# What is it with dealership service departments?



## Evofire (Oct 3, 2013)

how do you know they didnt check air?


----------



## Mordsith_T (Oct 5, 2013)

Because I brought it in with 29-32 pressure and it is still at that. The spec is for 35.


----------



## Evofire (Oct 3, 2013)

and you cant add air to make them where you like? its not like air is a proprietary thing...go to your nearest quiktrip or gas station and fill your tires. not a huge deal.


----------



## Patman (May 7, 2011)

They were probably going on the premise, no TPMS light on no problem. Why don't you check them yourself? Go to the local parts store and buy a gauge. Only problem with that is you have to pay for the air yourself at a gas station. None the less it is still probably cheaper for you to buy a gauge and inflate yourself that way you know it is done correctly.


----------



## Mordsith_T (Oct 5, 2013)

No, they have nitrogen in them. And no I didn't put that in them. Not to mention the air pumps in my town usually don't work. I have found one that works occasionally. Else, I would.


----------



## Mordsith_T (Oct 5, 2013)

I did. I have a digital and a standard. Thats how I know they didn't check it.


----------



## Evofire (Oct 3, 2013)

it doesnt matter that there is nitrogen in them. thats a scam. what is the air we breathe? 78% nitrogen. It is highly highly unlikely that they have 100% nitrogen. that would require a vacuum pump/chamber, and a few cycles of filling/vacuuming to make it right. Go to the nearest station and fill them your self. 

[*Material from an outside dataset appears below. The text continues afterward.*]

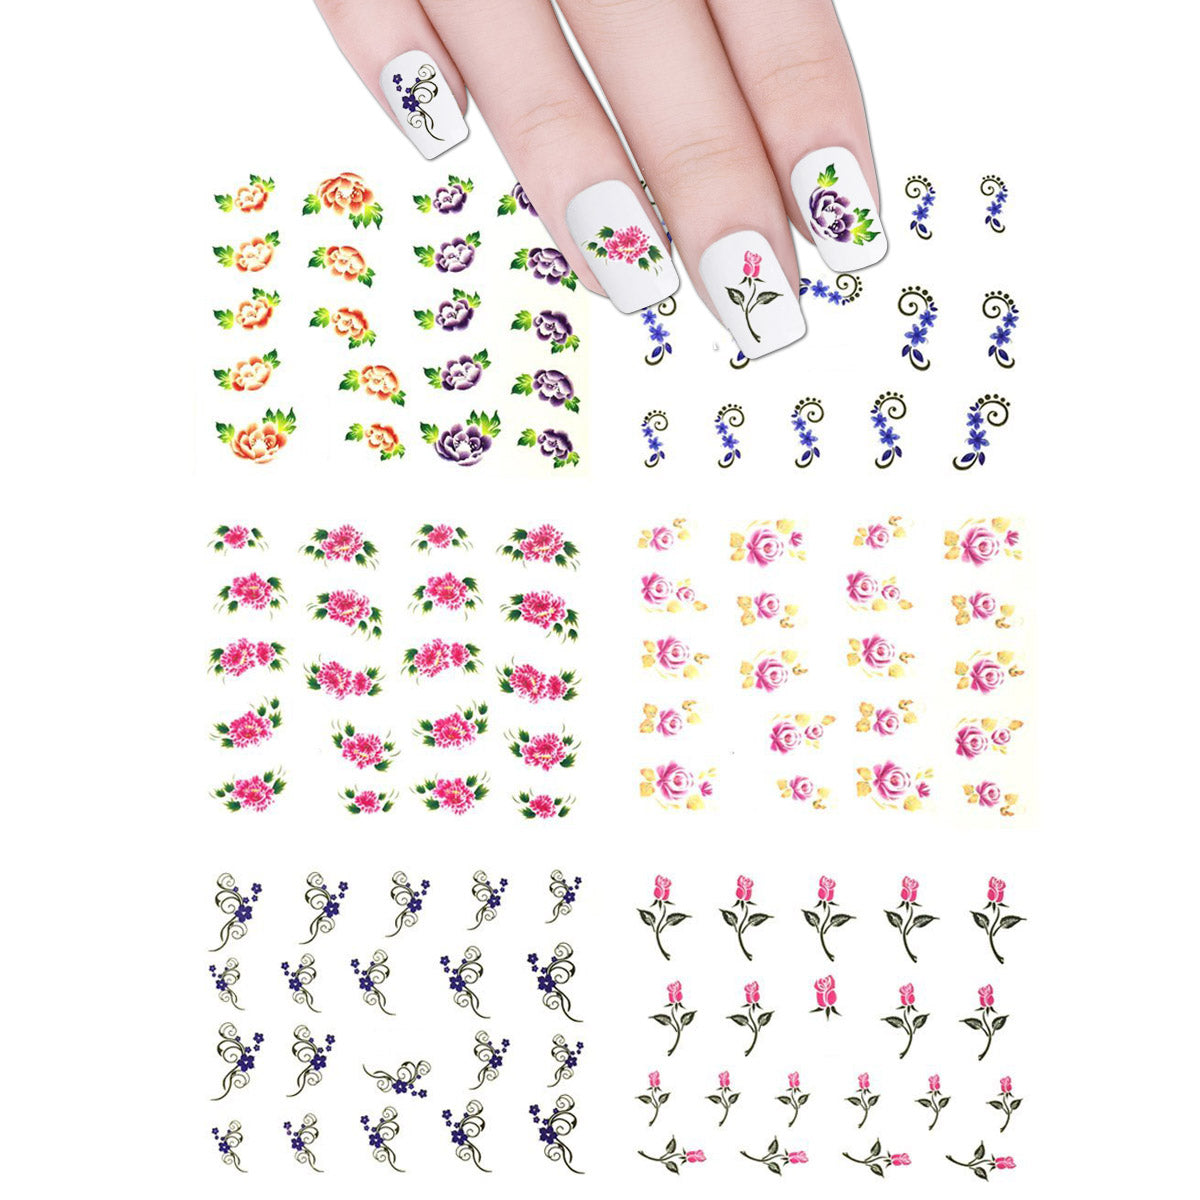 Best Nail Designs with Nail Stickers for Beginners - I Love My Polish

This post to me seems like someone just wanting to bash a dealership.


----------



## NYCruze2012 (Jan 16, 2012)

If I have a problem with my car I bring it into the dealership for service. Normally they are pretty good about everything but there are times I would like to strangle them. I have a Eco and I'm pretty particular about where I keep my air pressure set at. I usually run around 40 psi. When I come in for service I asked him not to adjust my tire pressure and lo and behold when I get it back the pressure could vary from tire to tire. Also did you ever notice sometimes you cant get them to think outside the box? It's almost like they are trained robots.

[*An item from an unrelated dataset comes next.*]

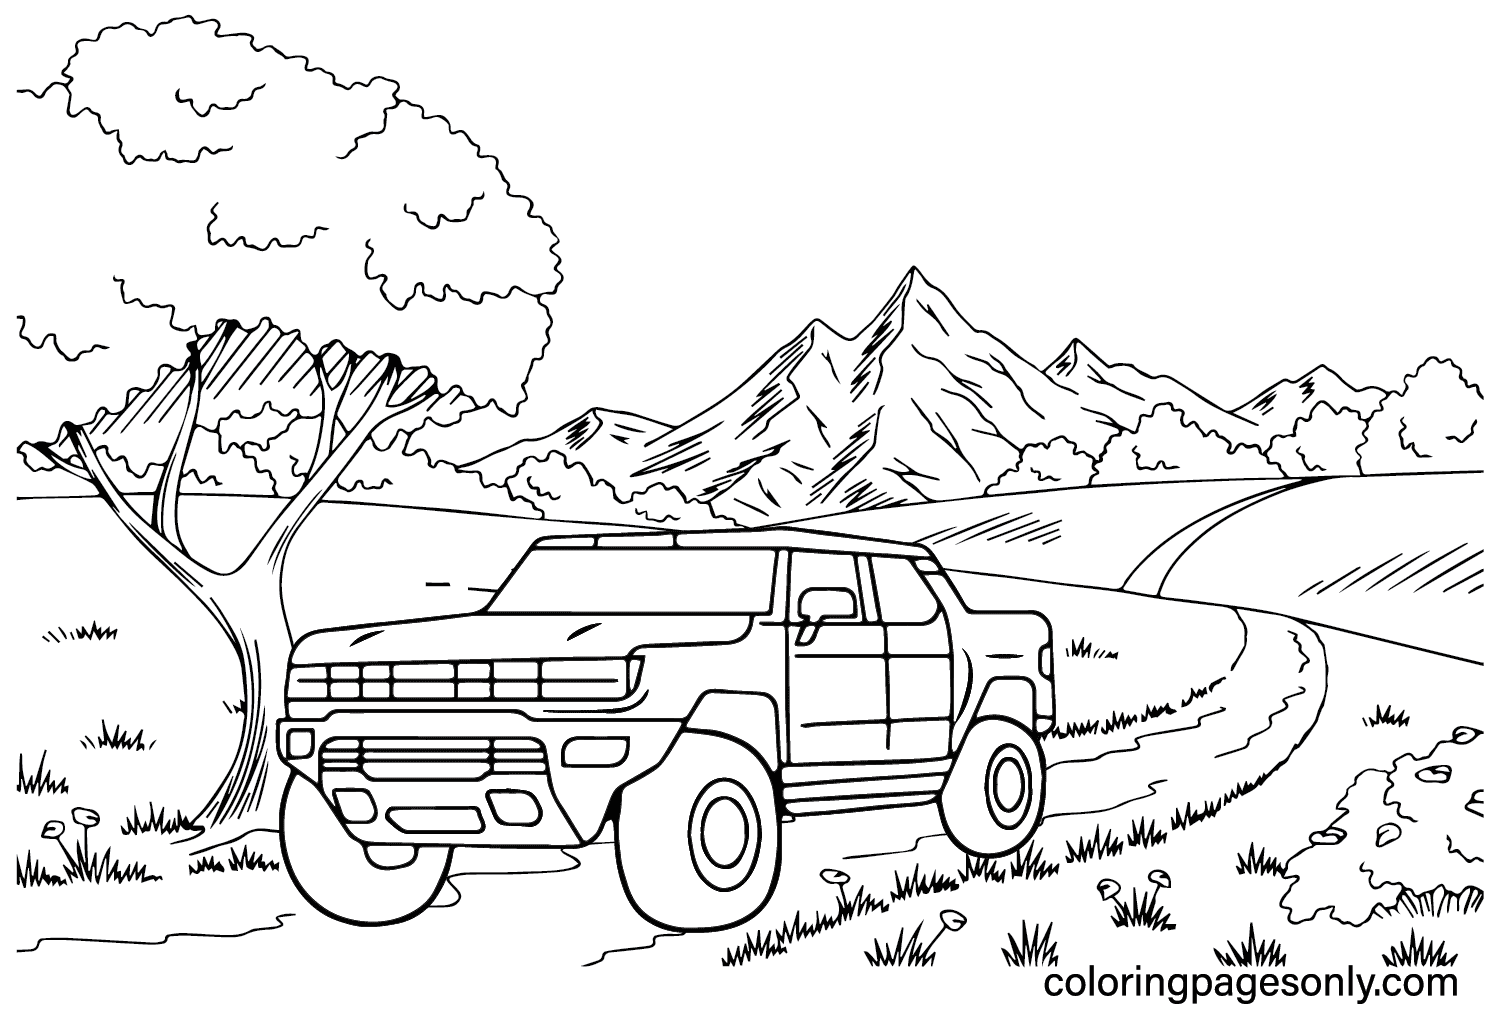 Hummer EV Coloring Page from Hummer

Sent from my last surviving brain cell


----------



## Mordsith_T (Oct 5, 2013)

Wow Evo, judgemental much? How about I asked them to do something and they didn't. I suppose that isn't good enough for you.


----------



## Mordsith_T (Oct 5, 2013)

I loved the Saturn Dealership. If I asked them to do something it was done. Even if it was a bit different from proceedure. I suppose they spoiled me that way.


NYCruze2012 said:


> If I have a problem with my car I bring it into the dealership for service. Normally they are pretty good about everything but there are times I would like to strangle them. I have a Eco and I'm pretty particular about where I keep my air pressure set at. I usually run around 40 psi. When I come in for service I asked him not to adjust my tire pressure and lo and behold when I get it back the pressure could vary from tire to tire. Also did you ever notice sometimes you cant get them to think outside the box? It's almost like they are trained robots.
> 
> Sent from my last surviving brain cell


----------



## Evofire (Oct 3, 2013)

not judgemental, you are just making a big deal out out of air pressure....if this was low oil after a change,or not changing a filter then sure. but **** my 11 year old nephew can put air in his tires. just saying man....no worries. keep on trucking and if you feel you MUST go to the dealer for air, then go ahead....


----------



## NYCruze2012 (Jan 16, 2012)

Personally I think it has to do with a breakdown of communication especially when they get busy. That's typically the situation at my dealership. If I was that unhappy I would not go there and I have been buying my cars there for the last 15 years. I know the technicians there have been there a long time and I know each one of them personally and I trust there work implicitly. I know that if they go to fix something it is fixed once and that is it and I am done. The air pressure to me is not that important and typically I set it myself anyway. Like I said before I just believe that it is a breakdown of communication when things start to get hectic over there.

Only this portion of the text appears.